In Christian theology, merit (Latin: meritum) is a good work done that is "seen to have a claim to a future reward from a graceful God". The role of human merit in Christian life is a point of dispute between Catholics and Protestants.

Within Christianity, both Catholics and Lutherans affirm that "By grace alone, in faith in Christ's saving work and not because of any merit on our part, we are accepted by God and receive the Holy Spirit, who renews our hearts while equipping and calling us to good works". The Catholic Church further teaches that "When Catholics affirm the 'meritorious' character of good works, they wish to say that, according to the biblical witness, a reward in heaven is promised to these works. Their intention is to emphasize the responsibility of persons for their actions, not to contest the character of those works as gifts, or far less to deny that justification always remains the unmerited gift of grace".

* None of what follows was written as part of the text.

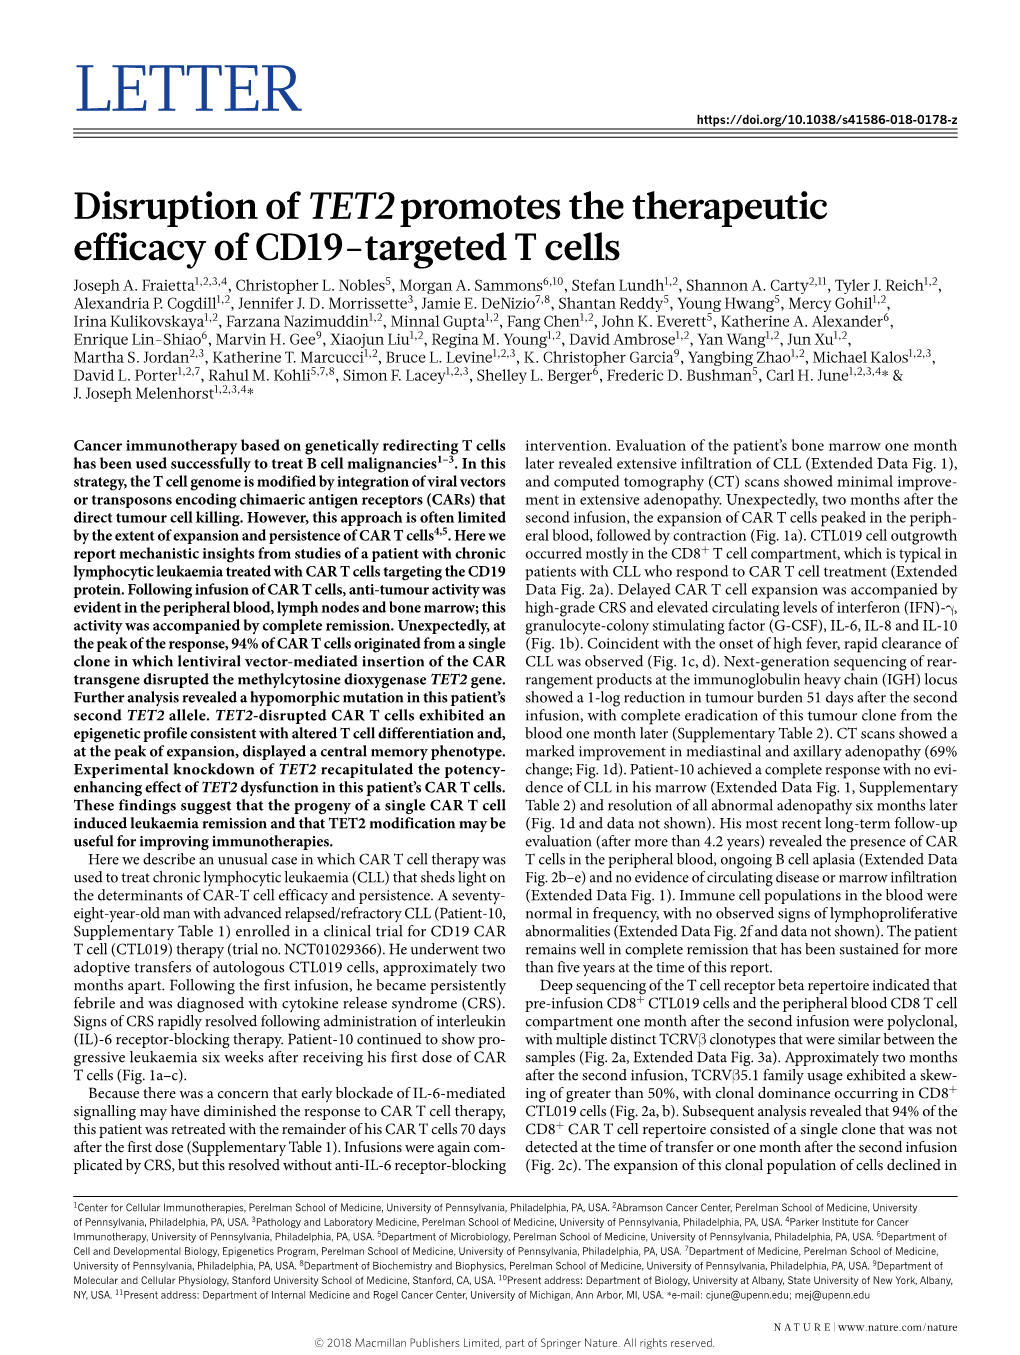 Disruption of TET2 Promotes the Therapeutic Efficacy of CD19-Targeted T Cells Joseph A

Roman Catholicism "speaks of merit in three distinct ways": condign merit (which God crowns freely), congruous merit (nonobligatory reward that may result in sanctifying grace), and supererogatory merit (given for doing above what a Christian is required).

Reformed doctrine, on the other hand, puts more emphasis on the merit of Christ that humans receive through divine grace. Protestants generally teach that merit can never be used to earn or achieve salvation: "Because Christians are justified by faith alone, their standing before God is not in any way related to personal merit. Good works and practical holiness do not provide the grounds for acceptance with God." "The only merit God accepts for salvation is that of Jesus Christ; nothing man can ever do could earn God's favor or add anything to the merit of Christ."

Catholicism 
In Catholic philosophy,  merit (as understood to be a property of a good work which entitles the doer to receive a reward), is a salutary act to which God, in whose service the work is done, in consequence of his infallible promise may give a reward (prœmium, merces).

Nature of merit
Merit exists only in works that are positively good.  The relation between merit and reward furnishes the intrinsic reason why in the matter of service and its remuneration, the guiding norm can be only the virtue of justice, and not disinterested kindness or pure mercy; for it would destroy the very notion of reward to conceive of it as a free gift of bounty (cf. Rom., xi, 6). If, however, salutary acts can in virtue of divine justice give the right to an eternal reward, this is possible only because they themselves have their root in gratuitous grace, and consequently are of their very nature dependent ultimately on grace, as the Council of Trent emphatically declares (Sess. VI, cap. xvi, in Denzinger, 10th ed., Freiburg, 1908, n. 810): "the Lord ... whose bounty towards all men is so great, that He will have the things, which are His own gifts, be their merits."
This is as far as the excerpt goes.